Courtesy New England Dairy
Lots of opportunities to use local Vermont products in this recipe. Enjoy!
Ingredients
- 4 Vermont grown apples – your choice (peeled or unpeeled)
- ¼ cup unsweetened apple juice or apple cider
- ¼ cup brown sugar
- 2 tablespoons cornstarch
- ½ teaspoon cinnamon
- ¼ teaspoon nutmeg
- ¼ teaspoon salt
Yogurt Topping:
- 2 ½ cups low-fat plain yogurt
- 1 tablespoon honey
- ¼ teaspoon cinnamon
Instructions
- Preheat oven to 350 degrees Fahrenheit. Spray an 8×8-inch baking dish with nonstick cooking spray; set aside.
- Core and thinly slice apples. Place apples in a medium bowl and toss with apple juice. Mix brown sugar, cornstarch, cinnamon, nutmeg and salt together in a small bowl. Sprinkle over apples and stir gently until apples are coated.
- Pour apples into prepared baking dish. Bake 40 minutes or until apples are slightly browned at edges and sauce is bubbling.
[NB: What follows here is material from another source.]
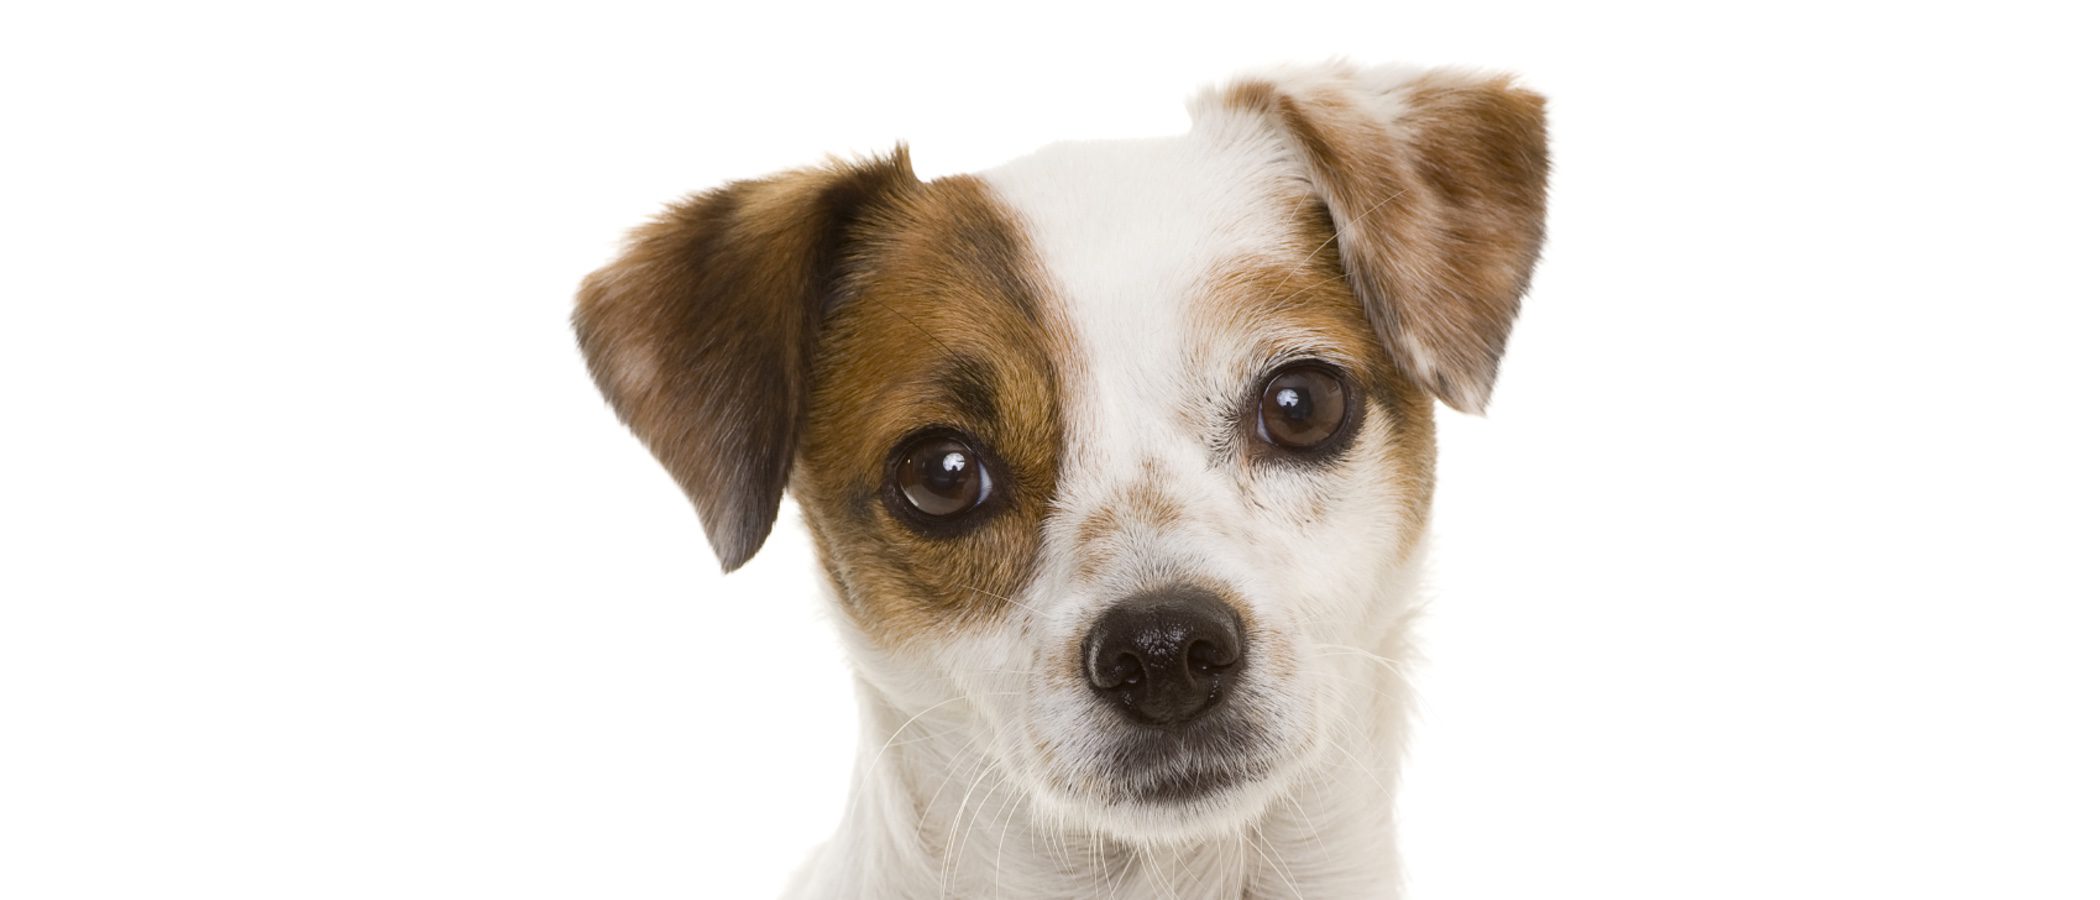 Razas de perros: bodeguero andaluz - Mascotas

- For the cinnamon yogurt topping: Line a colander with several paper towels and place over a bowl to catch drips. Pour yogurt into colander and allow to drain, refrigerated, about 30 minutes. Spoon yogurt into a small bowl and stir in honey and cinnamon. For each serving, top 1/4 of the warm apples with 1/4 of the yogurt topping.